Como comenta o CEO Ian Cunha, o kitesurf e o risco calculado ajudam a entender por que alguns negócios escalam com lucidez, enquanto outros aceleram até perder controle. Se você quer crescer sem transformar cada decisão em aposta cega, continue a leitura e observe o que o vento ensina sobre estratégia.
Por que o vento expõe decisões mal feitas?
O vento não negocia com ansiedade. Ele muda, oscila, intensifica, e cobra resposta rápida. Ainda assim, resposta rápida não significa resposta impulsiva. O que diferencia o praticante experiente é a capacidade de interpretar o cenário antes de insistir. Essa leitura evita o erro clássico:Confundir coragem com imprudência.

Sob a ótica do empresário serial Ian Cunha, o risco calculado não é o risco pequeno; é o risco compreendido. Isso muda a natureza da ambição. Em vez de buscar adrenalina, o líder busca previsibilidade dentro do imprevisível. Com isso, a empresa para de crescer por entusiasmo e passa a crescer por controle de variáveis essenciais.
Timing, alavancagem e a tentação de puxar demais
No kitesurf, puxar demais a barra pode parecer avanço, mas pode ser apenas perda de margem. Existe um ponto em que a potência deixa de ser recurso e vira ameaça, pois o controle se reduz e a queda fica mais provável. No crescimento empresarial, alavancagem funciona de modo parecido: mais marketing, mais equipe, mais expansão, tudo pode acelerar o resultado, desde que o sistema suporte.
Do ponto de vista do fundador Ian Cunha, crescimento rápido exige uma pergunta incômoda:O que acontece se as condições mudarem amanhã. Quando a empresa escala sem responder a isso, ela troca robustez por aparência de tração. Logo, a velocidade passa a comandar a estratégia, e não o contrário. A consequência tende a aparecer na forma de retrabalho, ruído operacional e decisões reativas.
Segurança como parte da performance, não como freio
Há um equívoco comum:Tratar segurança como medo. No kitesurf, segurança é parte do desempenho, porque preserva continuidade. Equipamento, checagem, leitura de vento e respeito ao limite são elementos que permitem repetir o essencial sem depender de sorte. Do mesmo modo, no empreendedorismo, segurança não é falta de ambição; é a forma de sustentar ambição por mais tempo.
Para o CEO Ian Cunha, o risco calculado é uma disciplina de continuidade. Ele protege caixa, protege reputação e protege o time. Além disso, ele reduz a necessidade de decisões heroicas, aquelas que impressionam por um dia e cobram por meses. Em última análise, empresas fortes não são as que nunca caem, e sim as que caem menos caro e aprendem mais rápido.

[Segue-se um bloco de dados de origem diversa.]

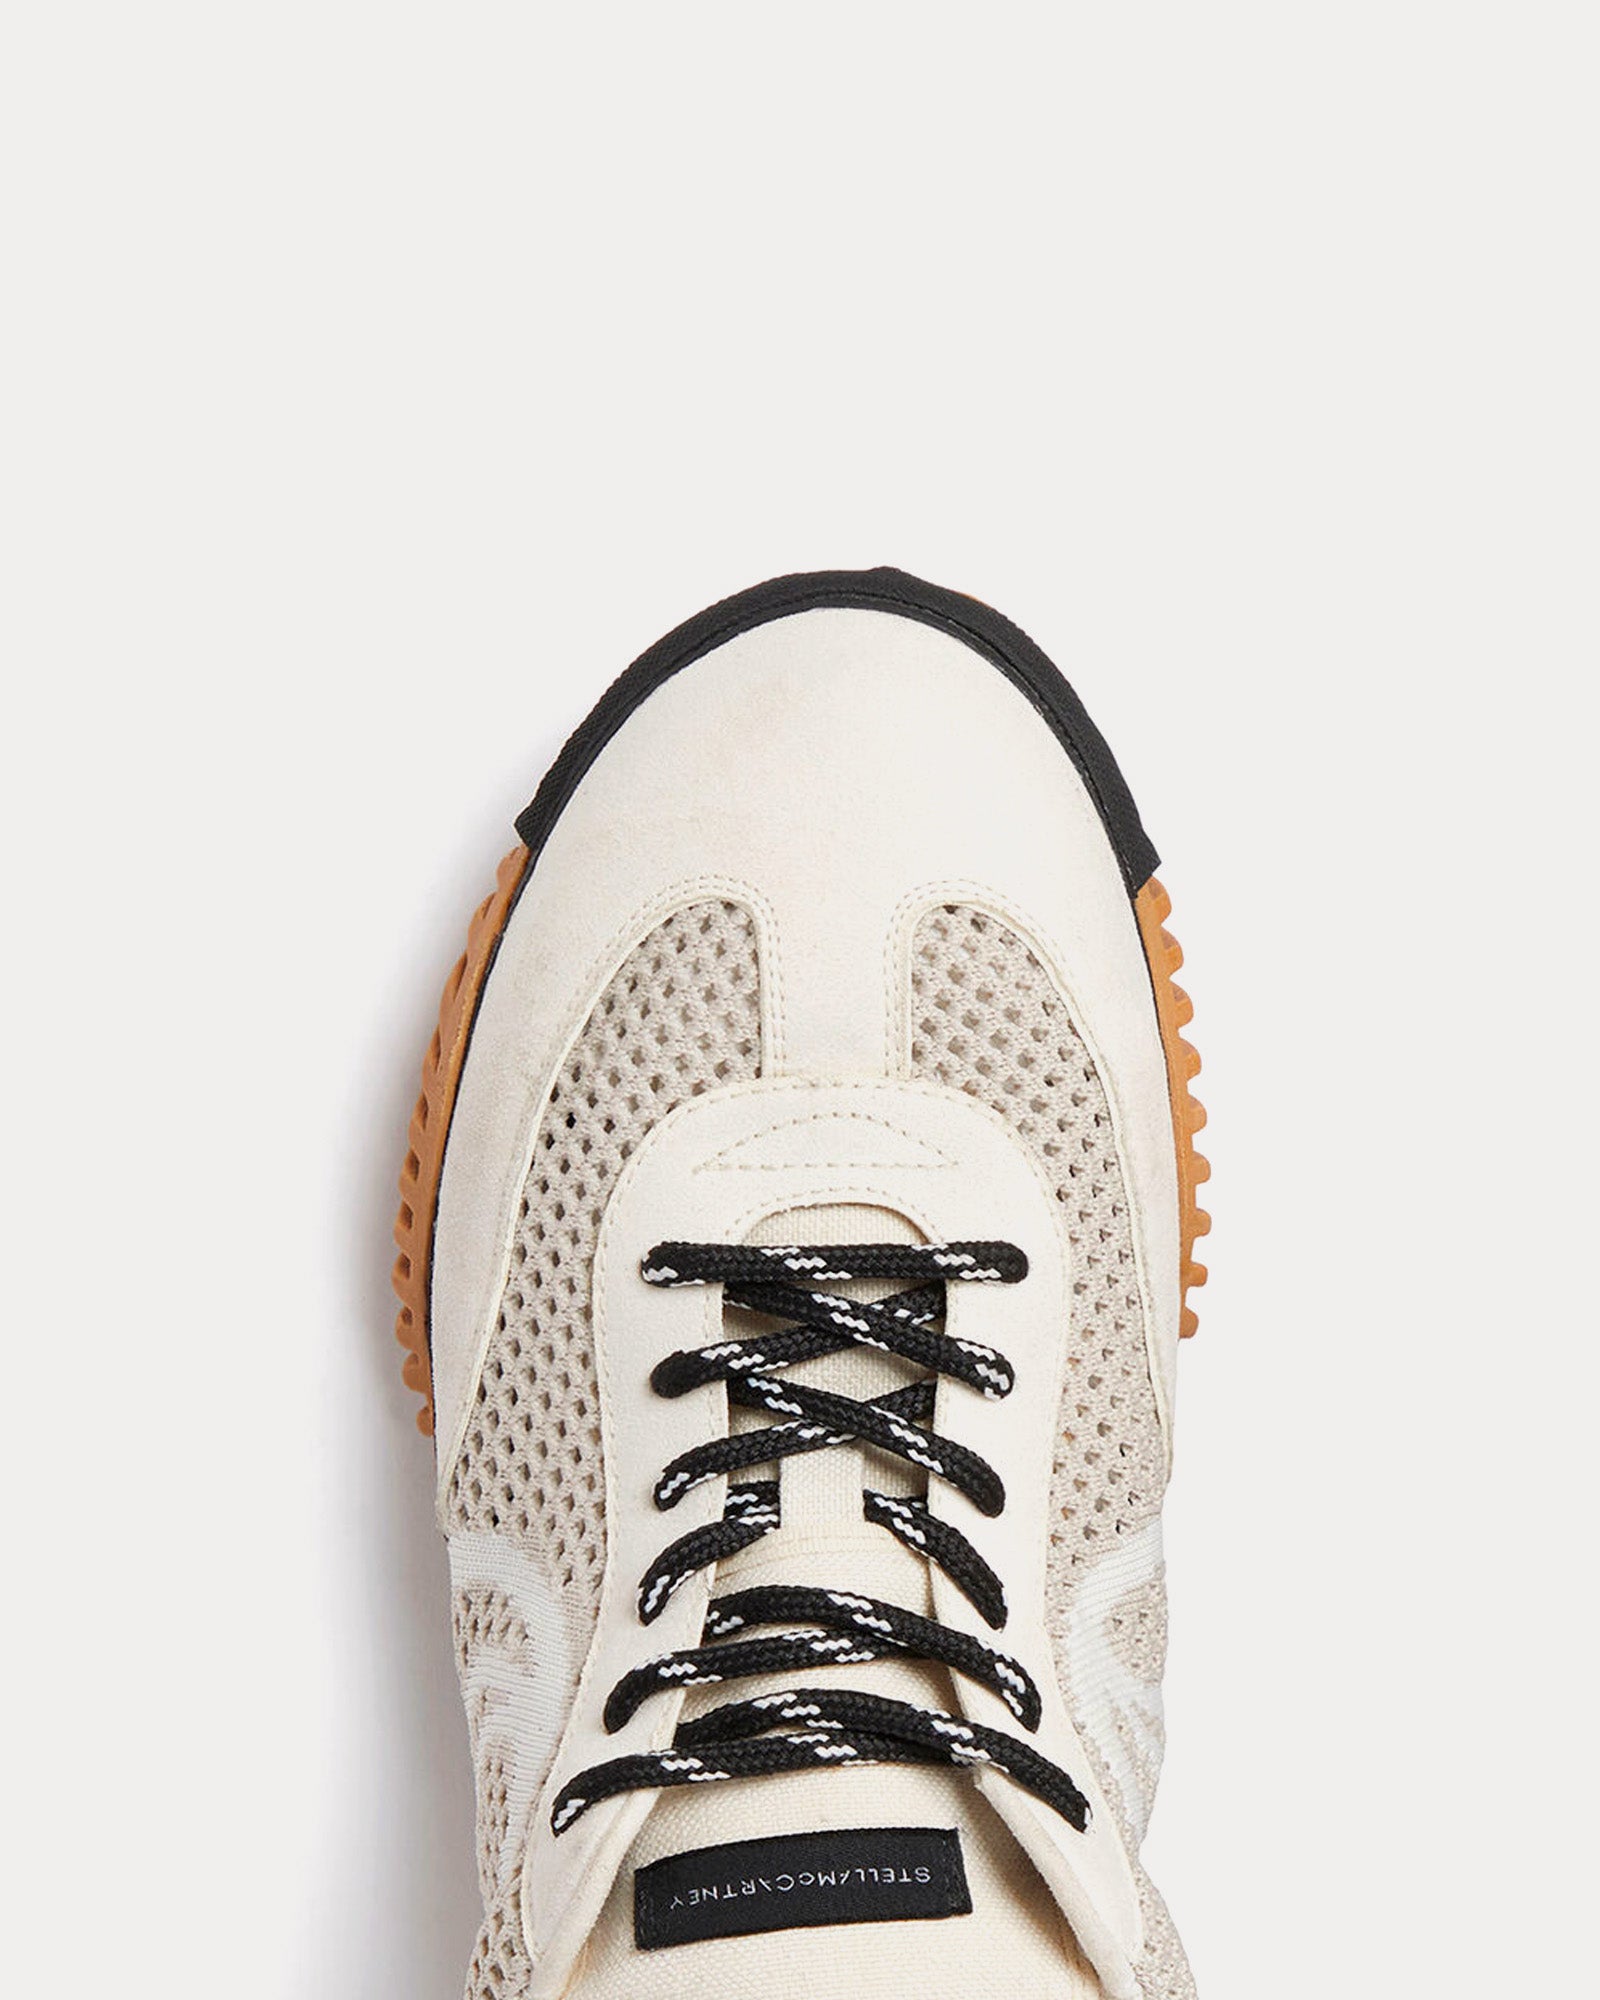 Stella McCartney - S-Wave Sport Mesh Panelled Pure White Low Top Sneakers
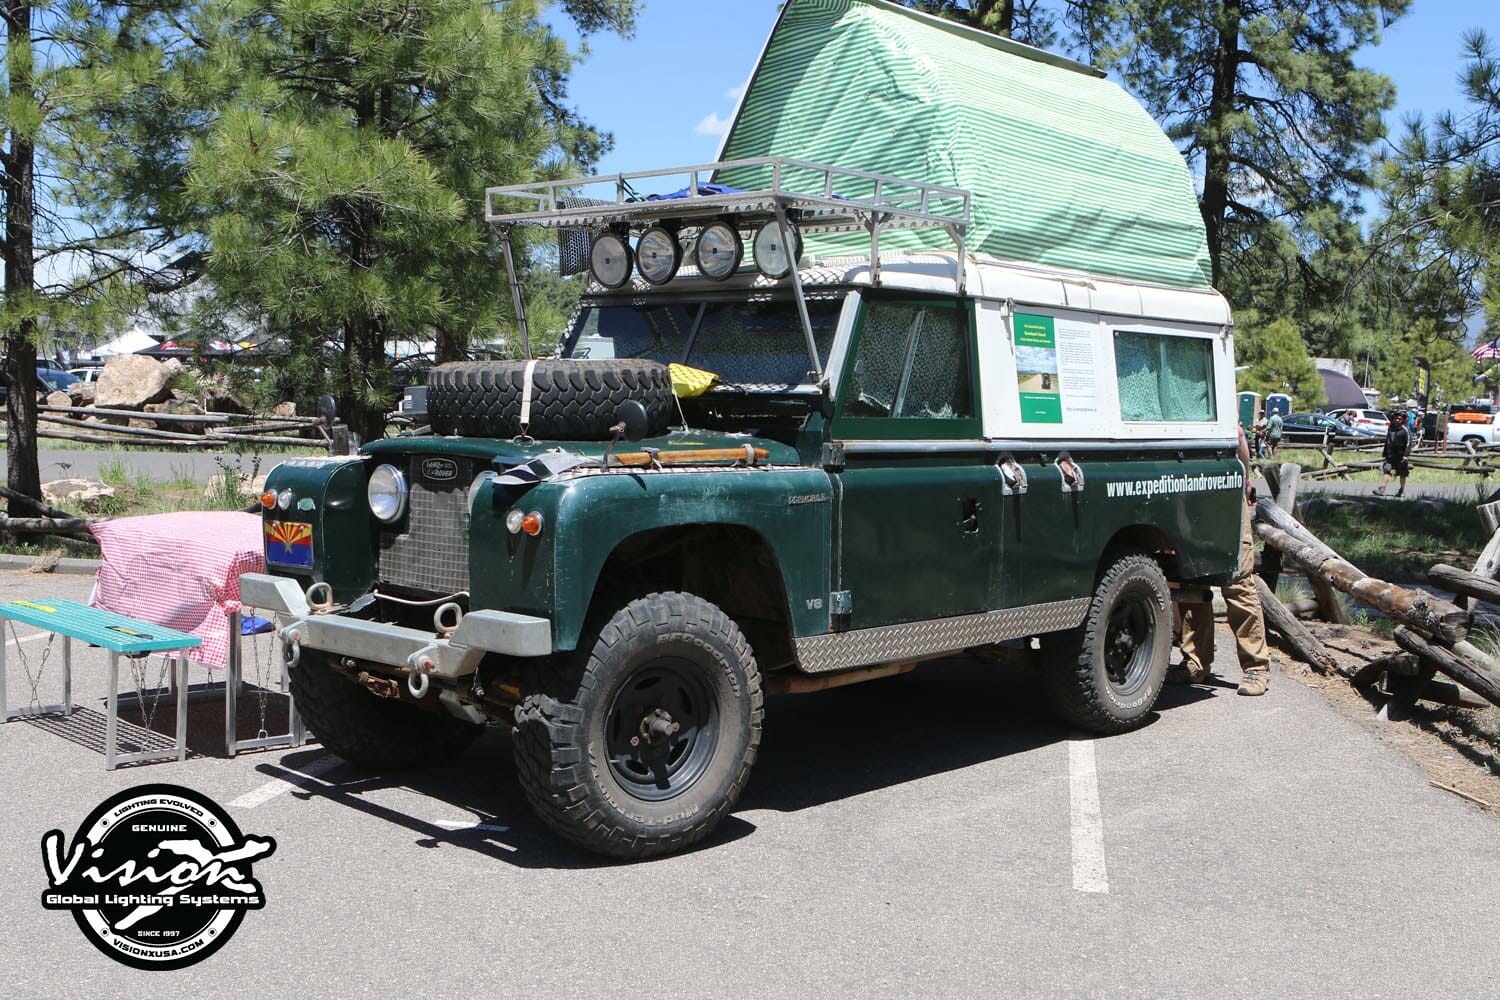 Vision_X_Overland_Expo_004

Como crescer rápido sem perder leitura de cenário?
Um dos maiores desafios do crescimento acelerado é que o ambiente muda enquanto a empresa ainda está se estruturando. O kitesurf mostra isso com clareza:O mar e o vento mudam no meio do percurso. A mente que insiste em um plano rígido se frustra, e a que muda sem critério se desorganiza. A maturidade está em ajustar sem perder eixo.
Na perspectiva do superintendente geral Ian Cunha, risco calculado é manter um núcleo estável em meio à variação. Esse núcleo inclui critérios de prioridade, clareza de proposta e consistência de entrega. Assim, a empresa consegue absorver turbulências sem travar e sem se deformar. A velocidade deixa de ser um perigo quando existe direção compartilhada.
O que o crescimento exige quando a potência aparece?
O kitesurf e o risco calculado ensinam que potência não é prêmio; é responsabilidade. Crescer rápido é lidar com força disponível, com mudanças de cenário e com o custo de decisões feitas sob excitação. Portanto, o diferencial não está em buscar vento mais forte, e sim em sustentar controle quando o vento aparece. Quando o risco é calculado, a ambição deixa de ser aposta e passa a ser construção.